Myth #3: If you engage in unprotected sexual activity with someone that is HIV positive, you will definitely contract the virus

Not everyone that is exposed to HIV-positive fluids will contract the virus. There are two main reasons why this may occur. First of all, the amount of virus present in the fluid must be sufficient to cause an infection in the HIV-negative individual. Secondly, the HIV-negative person’s mucosal immune response may be strong enough to prevent viral entry. Essentially, the activity level of the virus in the HIV-positive individual as well as the immune state of the HIV negative individual both play a role in determining the risk of infection. Again, if both parties are educated in the way of safe practices, they should be responsible enough to to the research.

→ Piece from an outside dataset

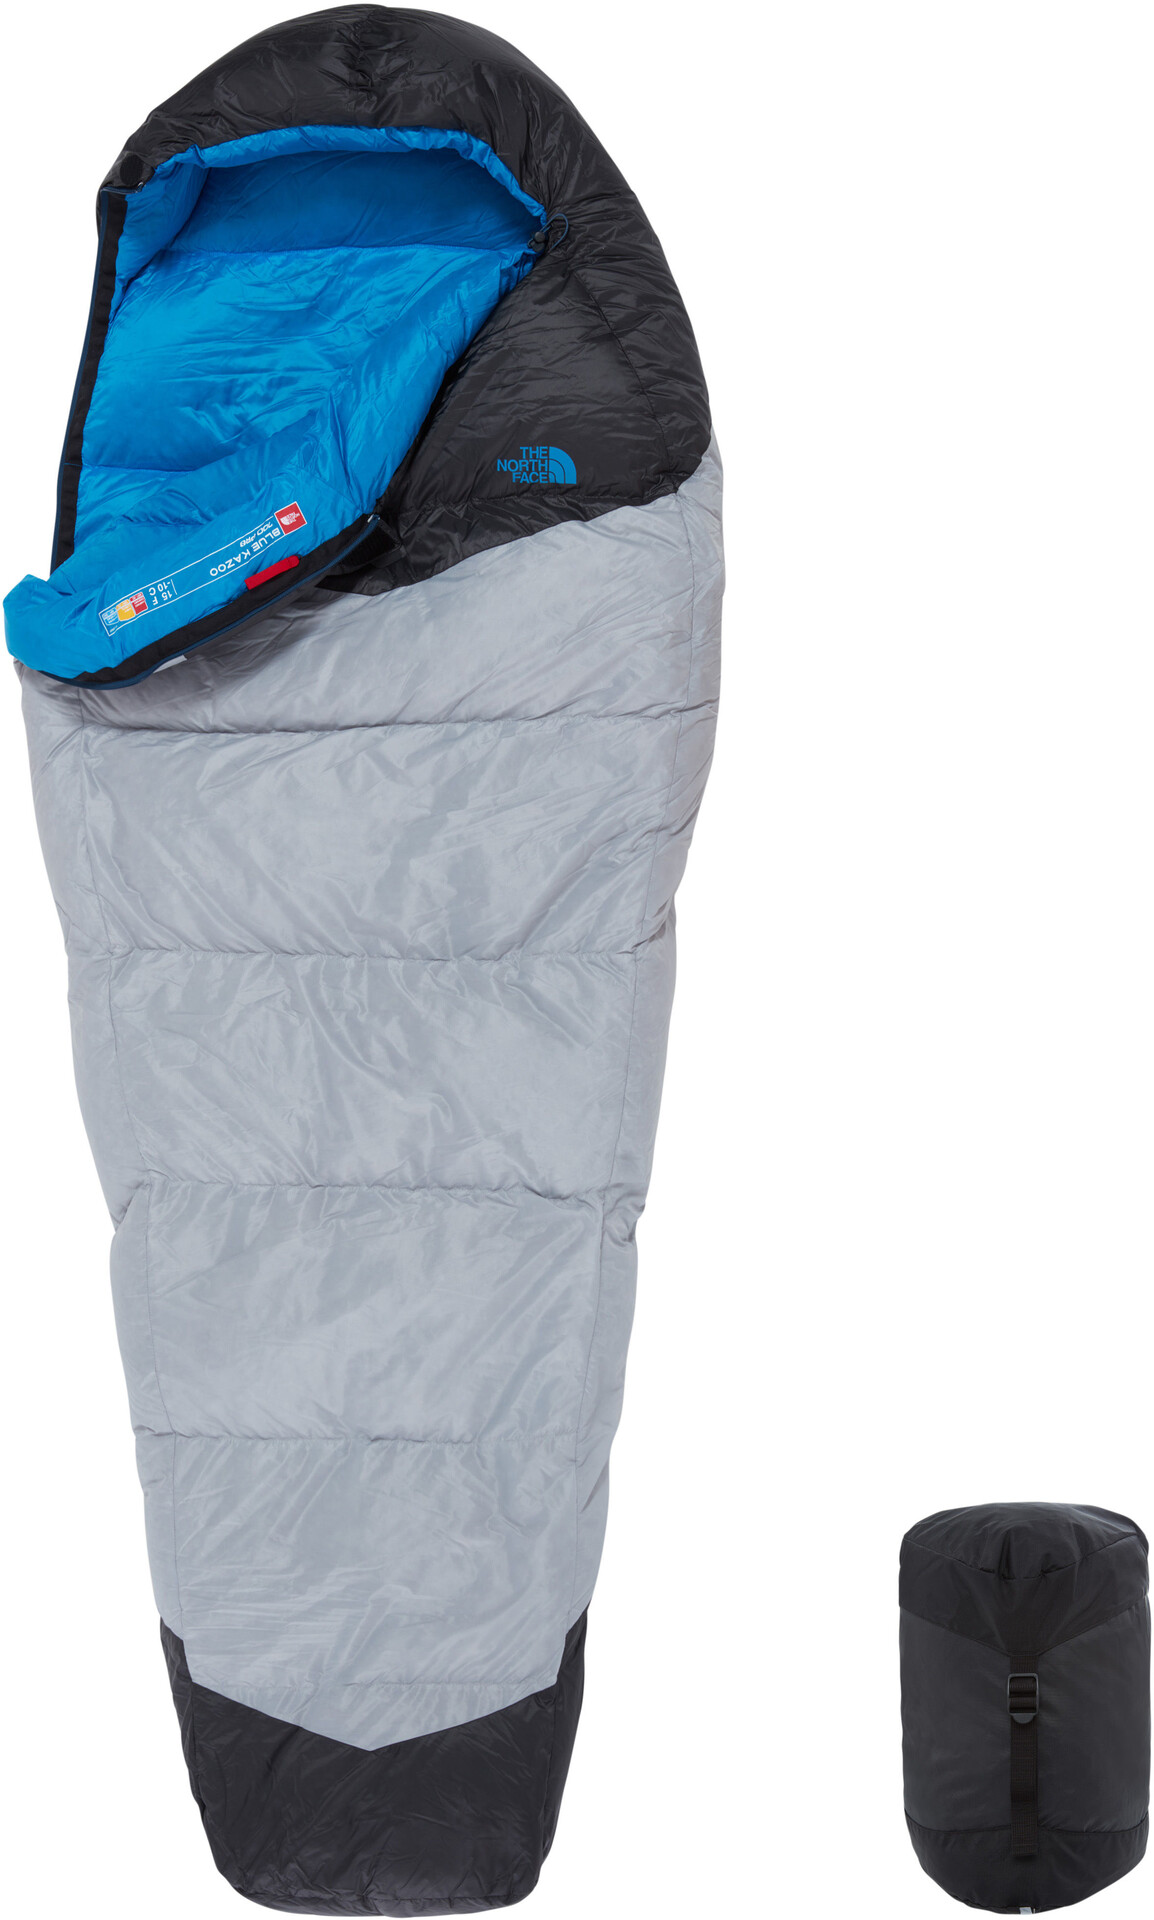 The North Face Blue Kazoo Sac de couchage Normal, high rise greyhyper blue
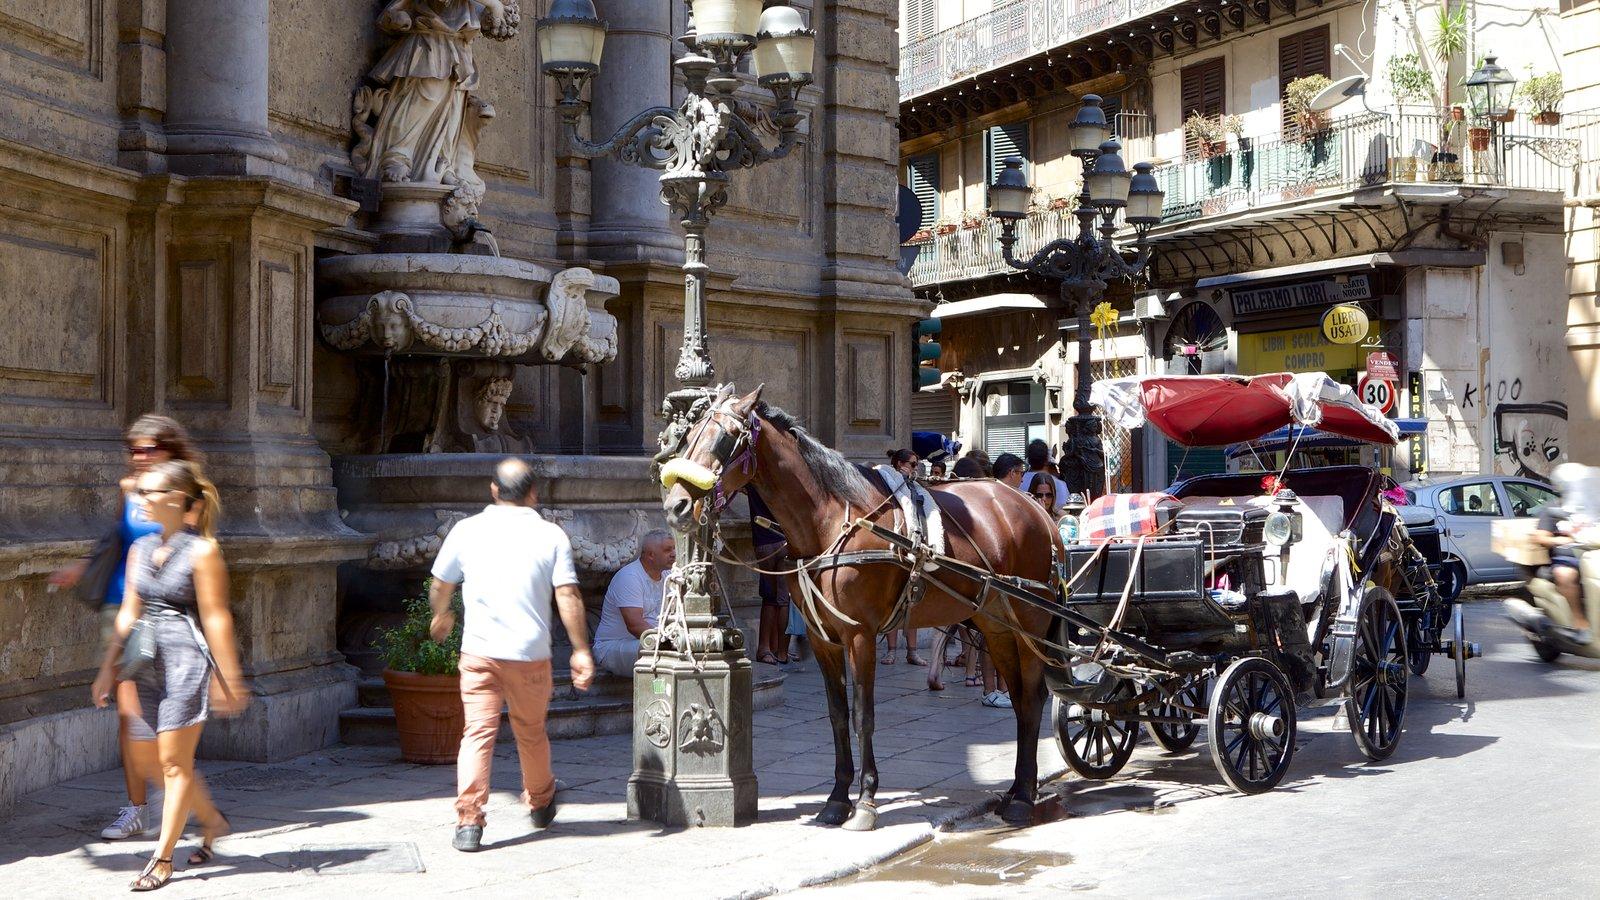 Via Maqueda showing heritage elements, street scenes and land animals

Myth #4: You would be able to tell if you were HIV positive or if your partner was HIV positive.

A blood test is the only definitive way to determine HIV status, further, a positive status may or may not develop into AIDS which is characterised by a constellation of symptoms from a number of “AIDS defining diseases”. It can take years before symptoms of AIDS appear in someone that has been infected with HIV, it may be dangerous to assume that they are HIV-negative just because they are asymptomatic. Empower yourself with plethora of knowledge to ensure you fully understand the risks and implications of sexual and high-risk non-sexual encounters.

Myth #5: I don’t need to worry about getting HIV because the newer treatments are effective in managing AIDS

Although new antiretroviral treatments (ARTs) can be highly effective and allow for HIV-positive individuals to live long and relatively healthy lives, we are still waiting for a treatment that is 100% effective and without side effects. The prevention through education of HIV transmission will always be the most effective method of treatment.

If you are concerned that you have been at risk of contracting HIV, speak with your medical doctor immediately about testing or proceed to a walk-in medical clinic to be tested. You don’t lose anything by being tested and if you’re worried about the possibility of a positive test, remember that the only way to have effective treatment is by first having a proper diagnosis. Living in fear is not a strategy for your best health.